There is something seductive about the idea of two of cinema’s most striking leading ladies being featured in a sensuous, lush historical drama. The idea becomes even more enticing when you place a gentleman with dark, searching eyes between them. And just as different opinions on religion flow in out of fashion in the Tudor court, the historical drama itself has thrust itself into the forefront of our movie going conscience; the season is ripe for films like Focus Features’ The Other Boleyn Girl.
In this adaptation of Phillipa Gregory’s excellent novel, the forces of Scarlett Johansson and Natalie Portman are combined. They are cast as the Boleyn sisters, Johansson as the innocent, light Mary and Portman as the dark, dangerous Anne. Gregory’s story is one filled with seduction, greed, lust, betrayal, obedience, and, most significantly, ambition. She weaves together fact and fiction to tell a famous story from the outsider’s eyes. The eyes of the other Boleyn girl, the eyes of Mary.
While it’s true that Gregory does use a bit of literary license in her novel, she stays to true the overarching facts of history. She creates a story that is both entertaining and intriguing. A story that challenges the reader to take sides, to dare to judge the people involved, and then shows in the end how we are all merely, simply human.
Where the novel succeeds in it’s richness of detail, bringing to life the court of King Henry VIII, the film unfortunately fails. I mention the novel’s strengths to offer a counterpoint to the film’s weaknesses. Where Gregory plays with facts to enhance the story, the filmmakers change facts completely for a purpose that I could not fathom. Where Gregory gives us rich details that add depths and bring the reader’s imagination to life, the film is overblown, silly, and pretentious. Where Anne, Mary, and George Boleyn of Gregory’s imagination are siblings whose complicated relationships are at once believable and sympathetic, the film’s Boleyn’s are dense and unremarkable.

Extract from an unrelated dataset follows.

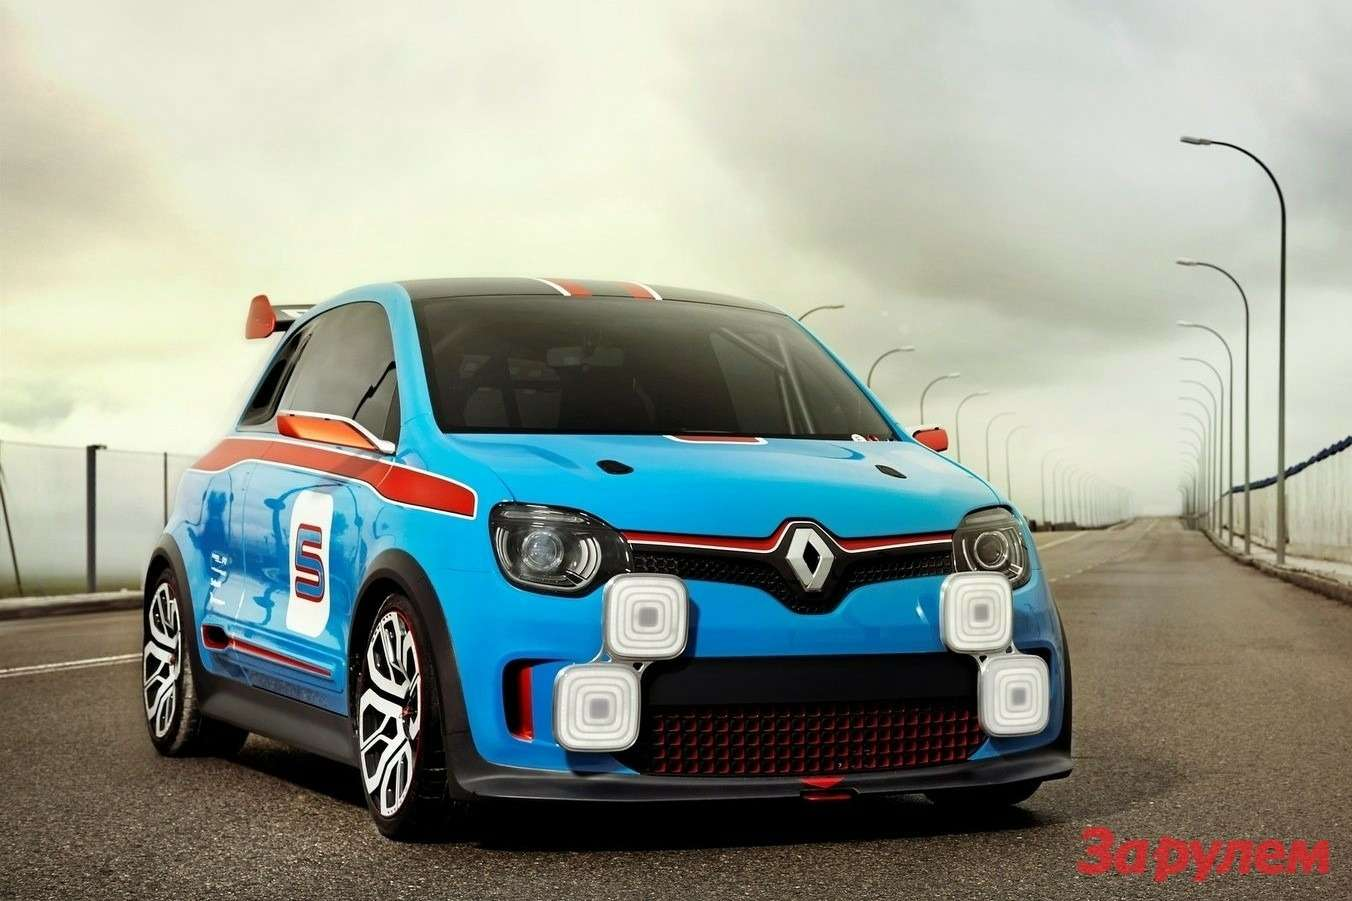 Renault Twin Run Concept 2013 1600x1200 wallpaper 02

The film’s director Justin Chadwick and cinematographer Kieran McGuigan are able to paint a pretty picture but there is nothing of substance beyond it. Which in itself seems to miss the point of the story they are attempting to tell. I found the stylistic decisions to often be distracting. When your production design is as gorgeous as this film’s, I want to see it, I don’t want half of my frame obscured by some random foreground object, the other half out of focus.
However, I think the biggest fault is in the writing. I don’t understand the choice to open the film as they did, with King Henry visiting the Boleyn estate and having Anne thrown at him. It is one of many departures from both the novel and history and serves only to offer us a drawn out and completely unengaging representation of events. The entire first act is slow moving, fails to develop any of the characters, and left me not caring one bit about anyone.
The development of Anne and Mary gradually improves as the plot unfolds but this has more to do with the strength of the performances than anything else. At least by the end of the film I had a sense of who these two women were supposed to be, if nothing else.
What I really do fail to understand though is the reasoning behind all of the changes that are made. Having read Gregory’s novel I know that while long it is certainly an adaptable story. The film’s greatest flaw is its failure as this adaptation. Rather than focusing on one element, one protagonist (which sensibly should have been Mary since that’s whose story the novel tells) the film cannot make up its mind and as a result it is no one’s story. It becomes a string of plot points. A boring history lesson in which the history you’re learning is not even a history you can trust.
Which I suppose brings up questions such as what is a version of history that can be trusted? Since the storyteller easily manipulates truths, events come to mean whatever those relating them want them to mean, etc. And if I thought something like was what the filmmakers were trying to give us then, well, that could have been thought provoking at least. But I don’t think that is what they were trying to do and their point had about as much presence as Eric Bana’s King Henry (that is to say, not a lot).
The Other Boleyn Girl is another pretty face with absolutely nothing behind it. It loses its charms after first glance and never gives the viewer anything worthy of a second look. If historical drama is the fashion you crave, the novel is available in any major bookstore.